Please excuse the irony. As I recall, the author does not actually discuss agency detection or danger detection bias. These are merely convenient examples of universally human cognitive biases that occurred to me was I was writing this review. They are easy to explain and intuitively obvious. You are Not So Smart discusses forty-eight others. He's chosen many of the really important and interesting phenomena. The list grows as research accumulates, and he probably didn't have room for all of them. Good news, he publishes periodic updates on his blog.
This book has a high speed to weight ratio. Every chapter describes a universal human cognitive bias, easily recognizable in your own experience. Chapters are just a few pages each. They do not need to be read in sequence. Though not simplistic, a smart eight grader could understand most of them; no scientific or psychological background is necessary. Yet these phenomena are not generally known, even by "smart" people. Thanks to this book, word will soon be getting around.
138 of 148 people found the following review helpful.

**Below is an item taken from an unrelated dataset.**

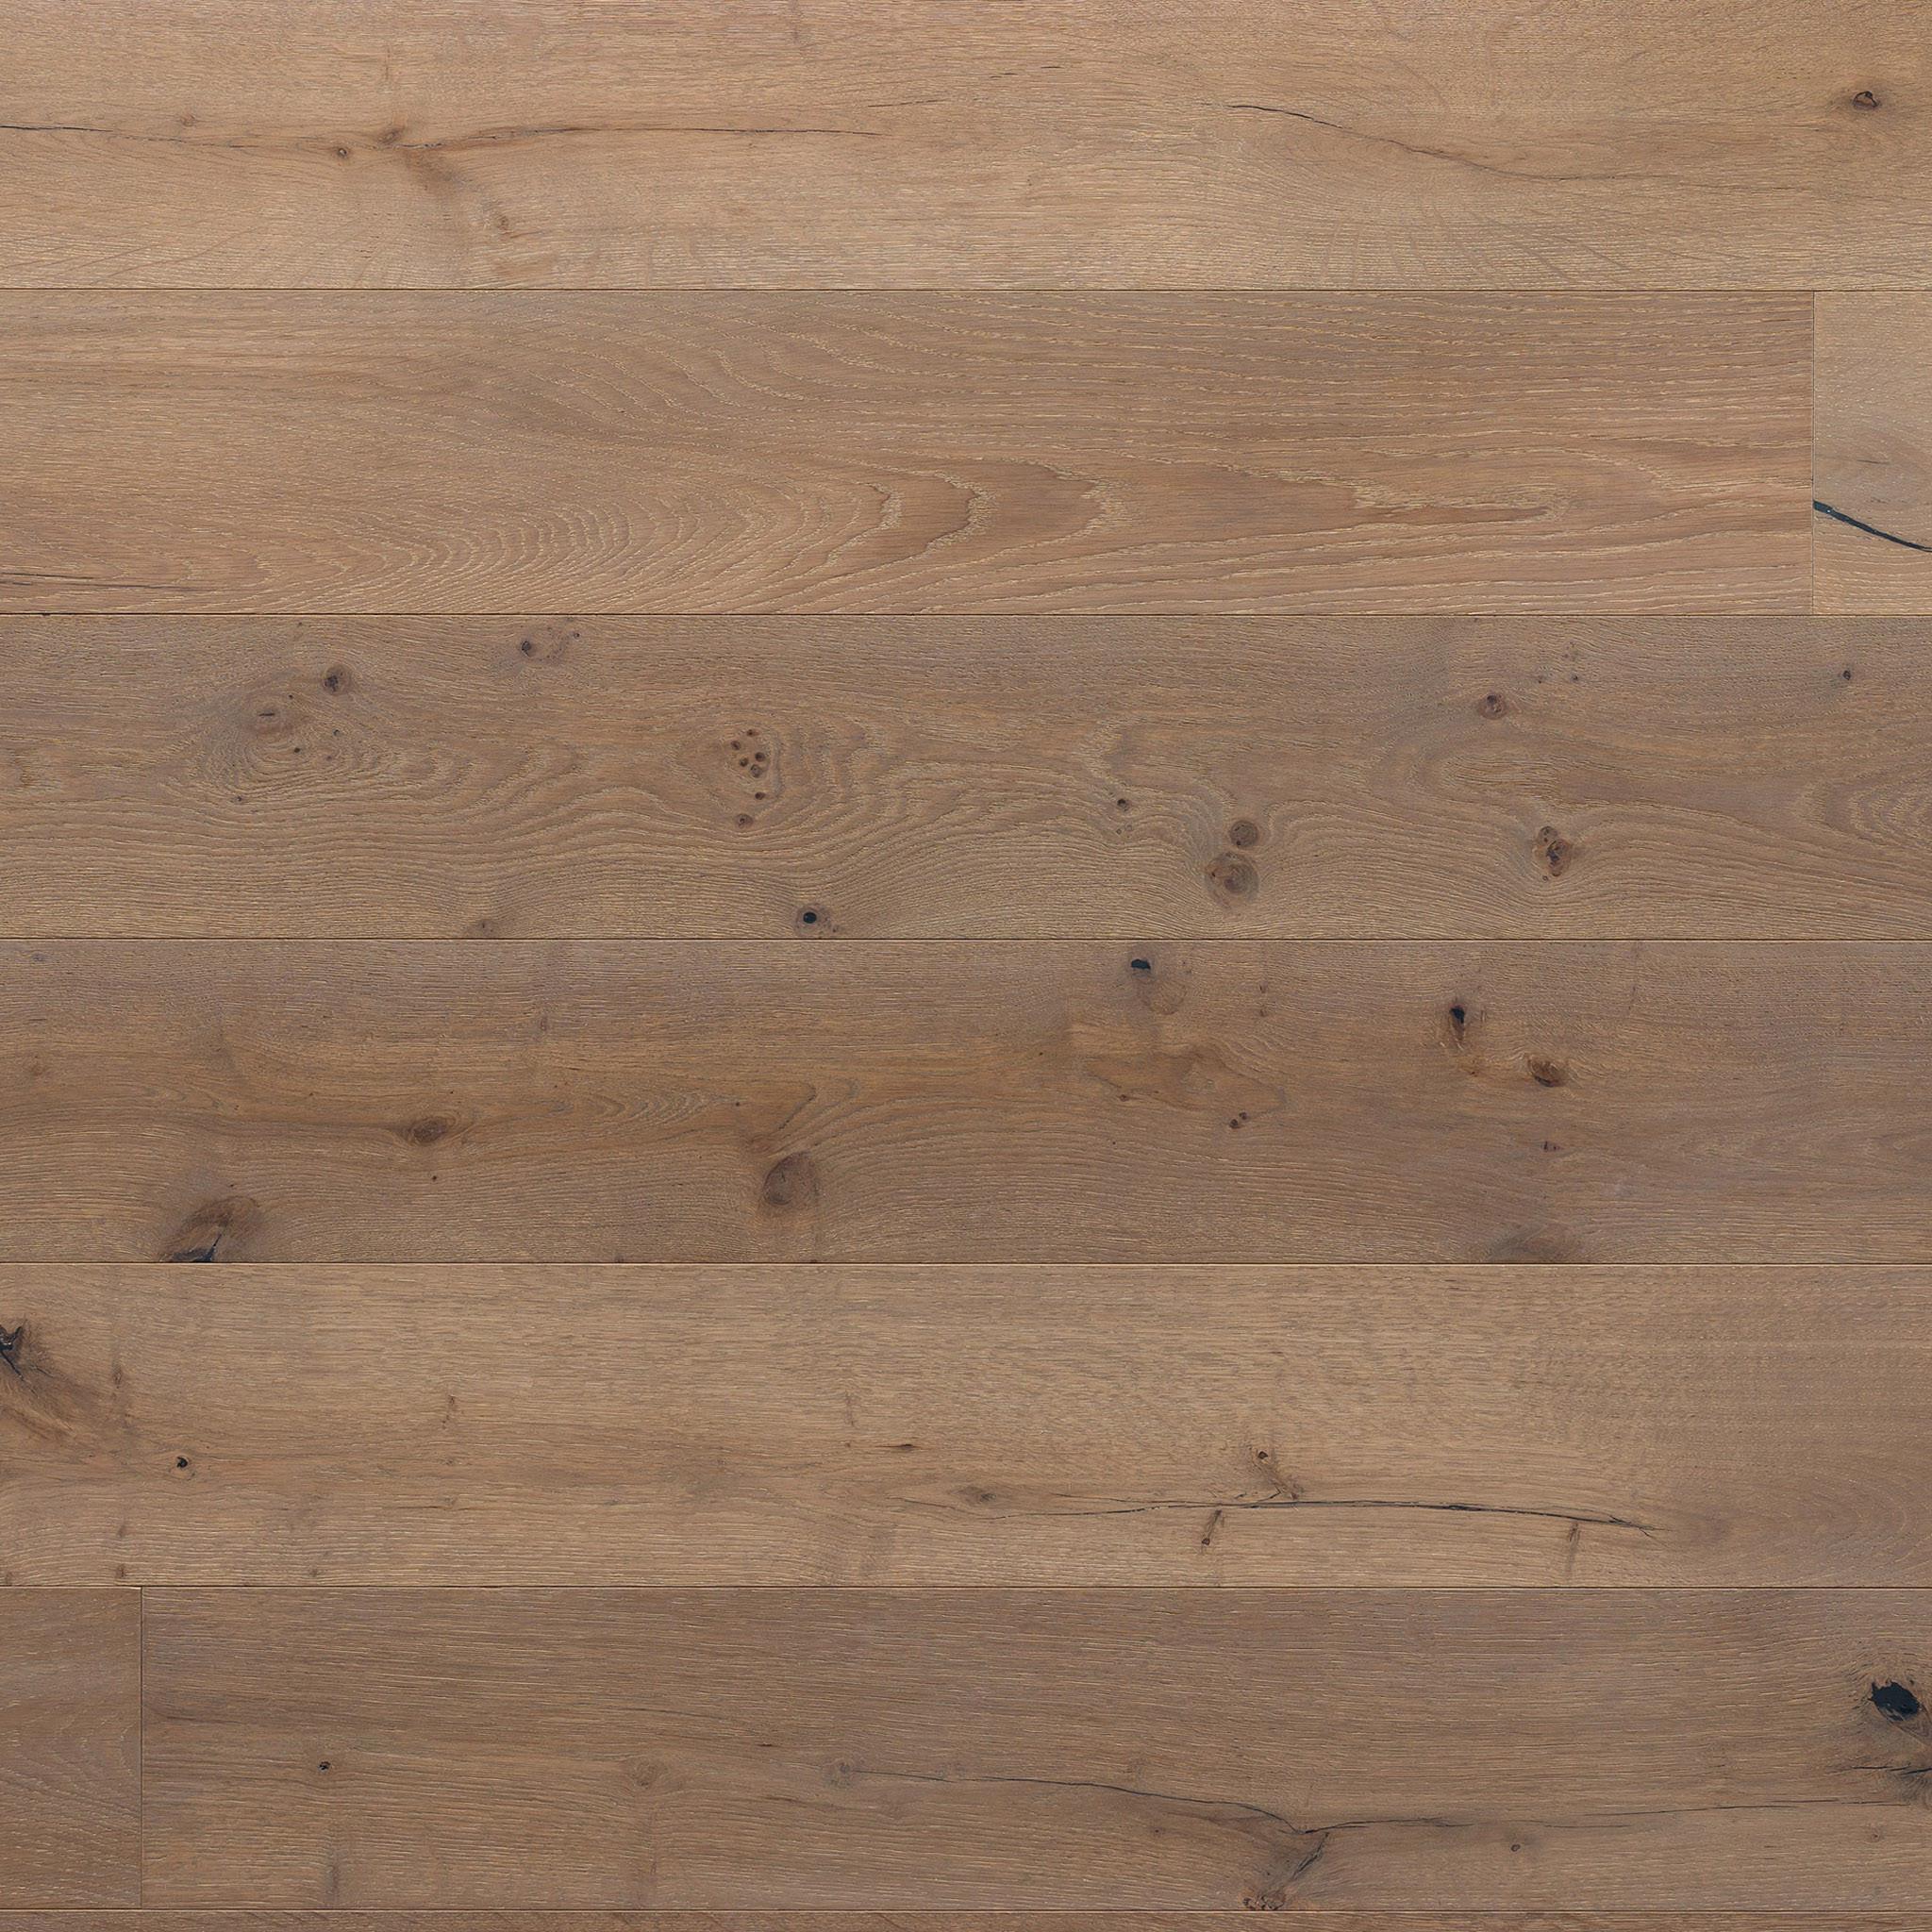 buy hardwood flooring online canada of brushed oak burrow kentwood floors regarding brushed oak burrow

Broad Overview of Cognitive Biases, Shortcuts, and Fallacies
By Book Fanatic
This is a good book. It's easy to read and can be read in small bite-sized chunks or in several long sessions. There are 48 different cognitive biases, shortcuts, and logical fallacies described in the book. They each take about 5 pages or so. Within each section the author does an excellent job of describing each problem. He references several studies for each and is generally very up-to-date on the latest work.
As an introduction or description to the ways we are irrational this book works very well. I consider myself pretty widely read in this area and still I found some new ideas or studies in this work. I would think that someone new to the topic would be utterly fascinated by it. While this book is well written as narrative it also would server as an excellent reference because of the many short chapters.
The only thing that I think would have made the book better would have been to put more effort into highlighting how you can avoid the biases. Certainly being aware of them helps and this book goes a long way toward that goal. The author does make some small suggestions at the very end of many chapters but they seem like an afterthought. But that is my only real criticism.
If you are interested in the ways that we aren't "the rational animal" this book is easily recommended. It is quite well done. For people new to the subject I can very highly recommend it as an introduction to the topic.
82 of 99 people found the following review helpful.
accessible but maybe too much so
By Michael J. Amos
McRaney is attempting to show us all that behind the thin veneer of our civilized brain, lurks an animal brain that is far more whimsical and powerful than we give it credit for, than our logical brain often does little more than make excuses for behavior it can't predict or control. He does so by examining a variety of behaviors from cold reading to brand loyalty to racism. He conducts his examination be compiling peer reviewed articles from psychology and medical literature.
I give McRaney credit for making the material accessible but I can't say the same about making it interesting. It's incredibly, painfully obvious that the book is little more than a collection of blog posts; the short chapters don't quite run two pages while long ones clock in around ten. Additionally, I feel like the concepts he covers are already in the public eye, available for more complete examination and occasional satire. Finally the author does nothing with the information. No tips for catching yourself in a behavior are suggested, it seems he simply acknowledges the behaviors with an indifferent shrug. I could accept this if McRaney was doing some amount of original work or thought but that's not the case.
The way I most often described this book as I read it was "It's not bad, it's not good, but it's not bad."
ADDENDUM: I later read Thinking, Fast and Slowand recommend that as a far superior book on similar material.